§ **Material supplied**:
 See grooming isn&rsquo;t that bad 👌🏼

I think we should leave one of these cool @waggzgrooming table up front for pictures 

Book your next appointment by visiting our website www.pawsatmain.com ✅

* * *

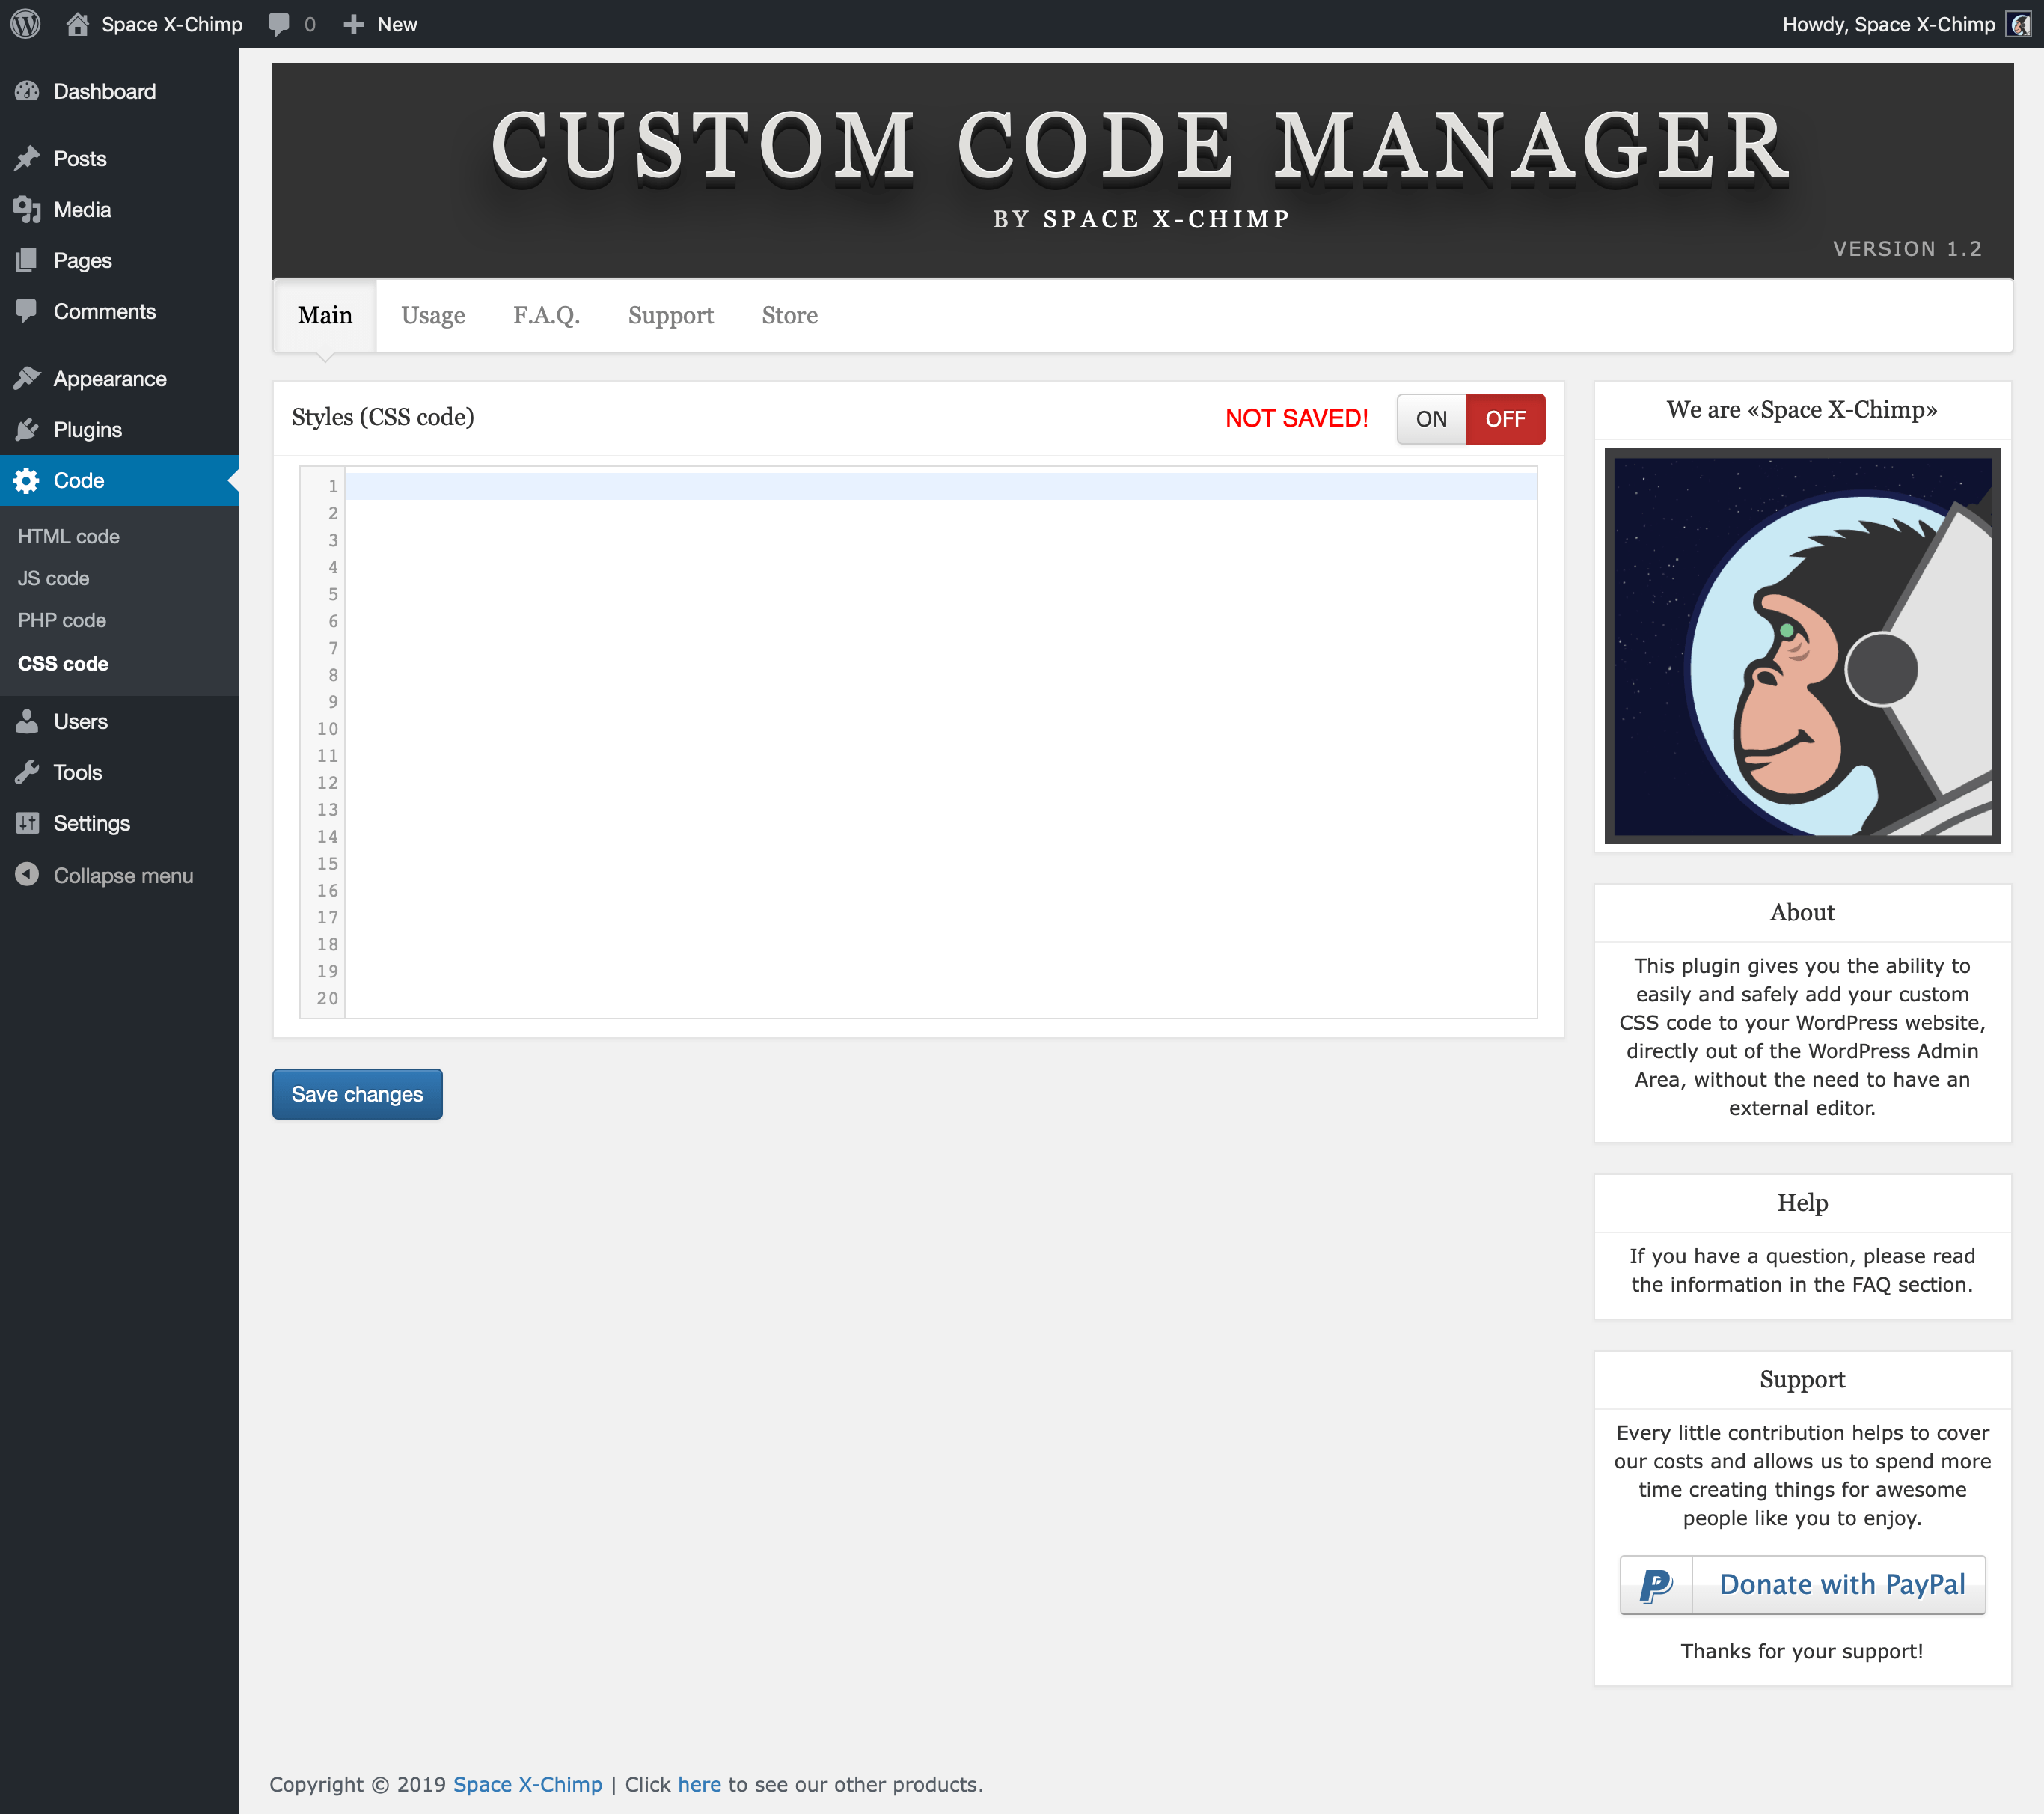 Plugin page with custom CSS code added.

==

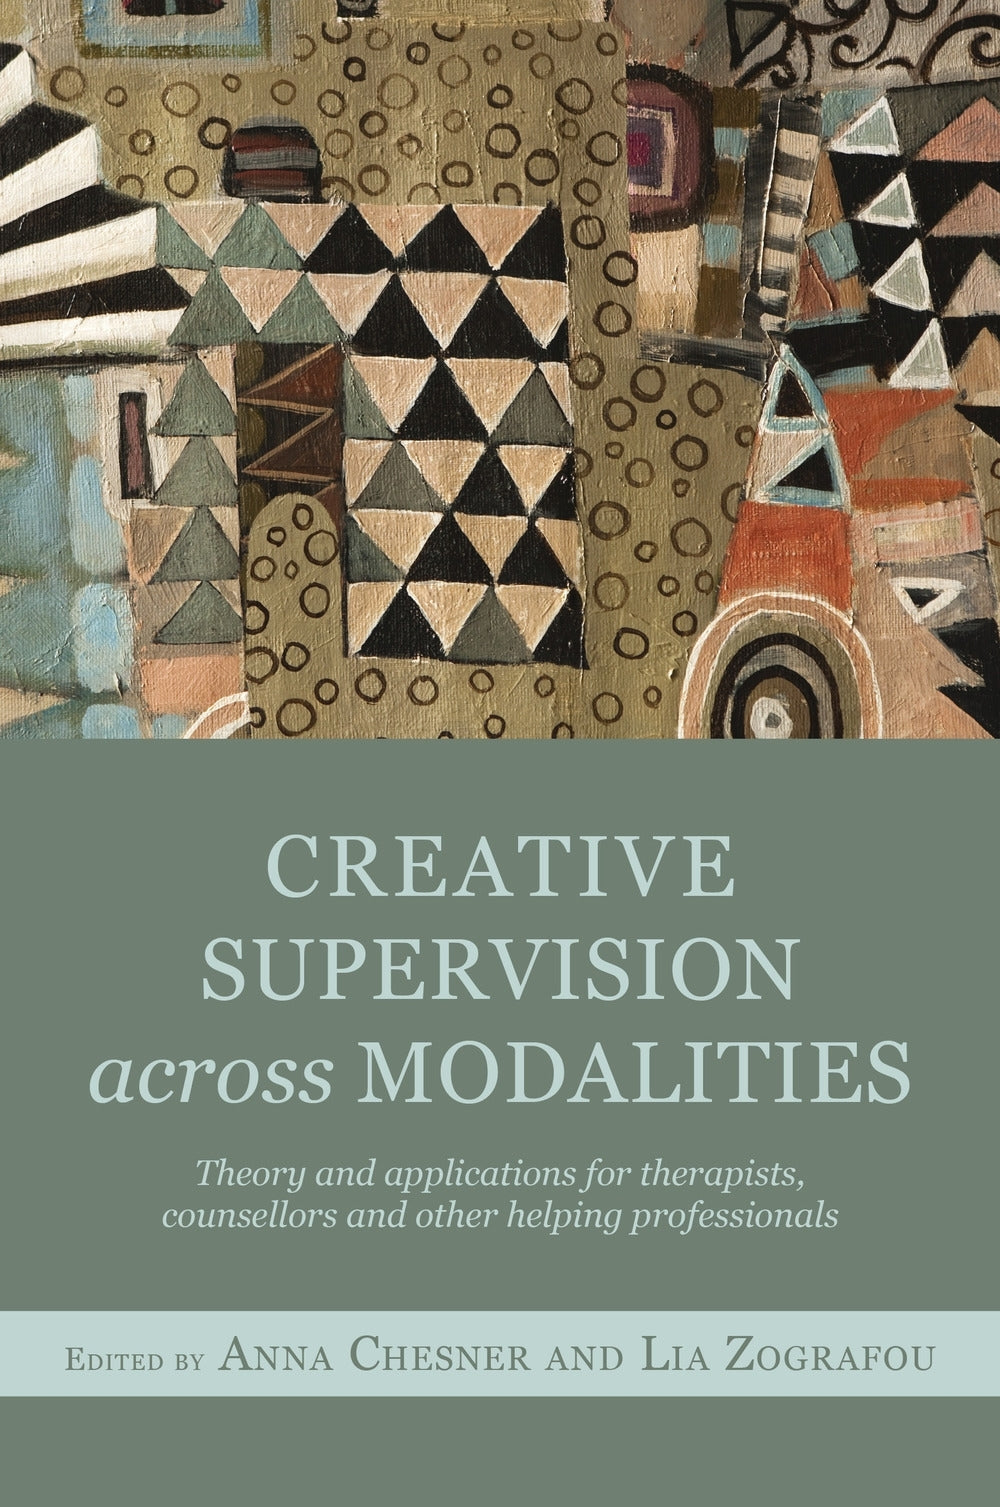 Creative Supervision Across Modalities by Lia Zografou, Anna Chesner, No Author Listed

§ **What the exercise asks**: Using the data above, extract exactly the lines from the one that holds "See grooming isn&rsquo;t that bad 👌🏼" to the one that holds "Book your next", both ends included, and no others.

§ **Response**:
 See grooming isn&rsquo;t that bad 👌🏼

I think we should leave one of these cool @waggzgrooming table up front for pictures 

Book your next appointment by visiting our website www.pawsatmain.com ✅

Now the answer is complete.